The RNA-focused action of C2c2 complements the CRISPR-Cas9 system, which targets DNA, the genomic blueprint for cellular identity and function. The ability to target only RNA, which helps carry out the genomic instructions, offers the ability to specifically manipulate RNA in a high-throughput manner — and to manipulate gene function more broadly. This has the potential to accelerate progress to understand, treat, and prevent disease.

“C2c2 opens the door to an entirely new frontier of powerful CRISPR tools,” said senior author Feng Zhang, who is a core institute member of the Broad Institute, an investigator at the McGovern Institute for Brain Research at MIT, and the W. M. Keck Career Development Associate Professor in MIT’s Department of Brain and Cognitive Sciences.
“There are an immense number of possibilities for C2c2, and we are excited to develop it into a platform for life science research and medicine.”

“The study of C2c2 uncovers a fundamentally novel biological mechanism that bacteria seem to use in their defense against viruses,” said Eugene Koonin, senior author and leader of the Evolutionary Genomics Group at the NIH. “Applications of this strategy could be quite striking.”

Currently, the most common technique for performing gene knockdown is small interfering RNA (siRNA). According to the researchers, C2c2 RNA-editing methods suggest greater specificity and hold the potential for a wider range of applications, such as:

  • Adding modules to specific RNA sequences to alter their function — how they are translated into proteins — which would make them valuable tools for large-scale screens and constructing synthetic regulatory networks; and
  • Harnessing C2c2 to fluorescently tag RNAs as a means to study their trafficking and subcellular localization.
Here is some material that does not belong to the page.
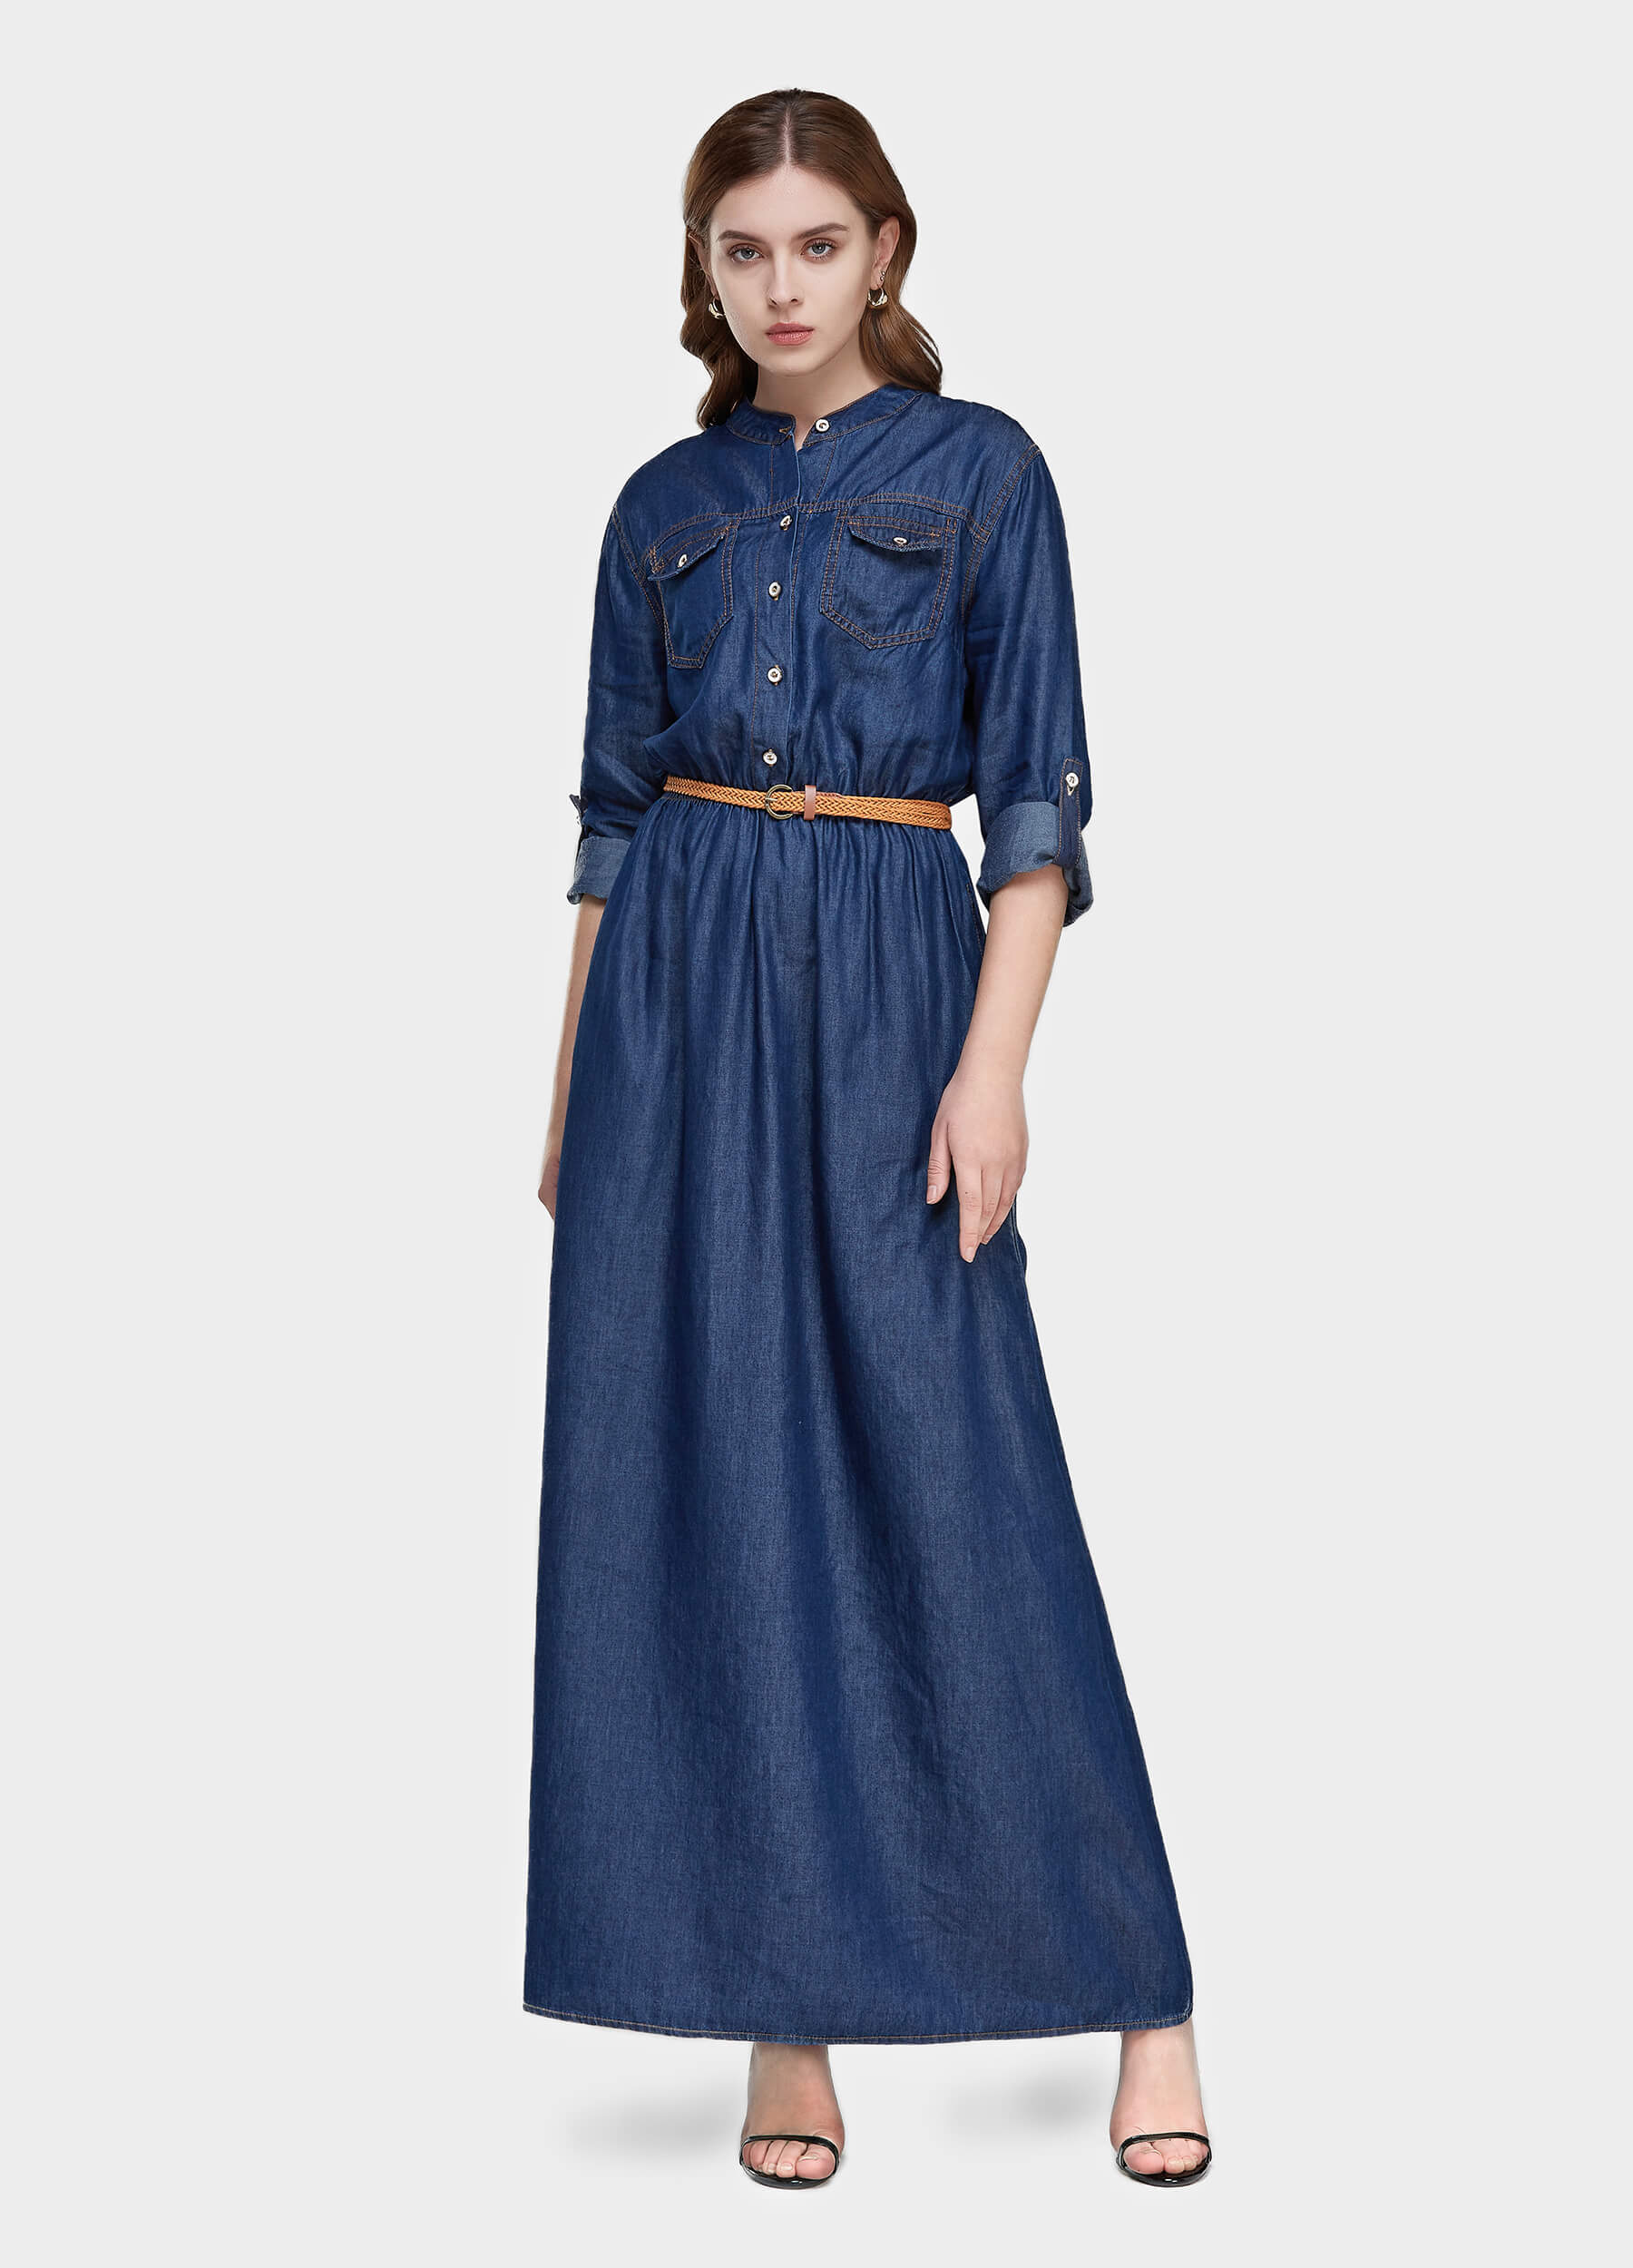 Women's Long Sleeve Denim Shirt Dress-Mid Blue main view

In this work, the team was able to precisely target and remove specific RNA sequences using C2c2, lowering the expression level of the corresponding protein. This suggests C2c2 could represent an alternate approach to siRNA, complementing the specificity and simplicity of CRISPR-based DNA editing and offering researchers adjustable gene “knockdown” capability using RNA.

C2c2 has advantages that make it suitable for tool development:

  • C2c2 is a two-component system, requiring only a single guide RNA to function; and
  • C2c2 is genetically encodable — meaning the necessary components can be synthesized as DNA for delivery into tissue and cells.

“C2c2’s greatest impact may be made on our understanding of the role of RNA in disease and cellular function,” said co-first author Omar Abudayyeh, a graduate student in the Zhang Lab.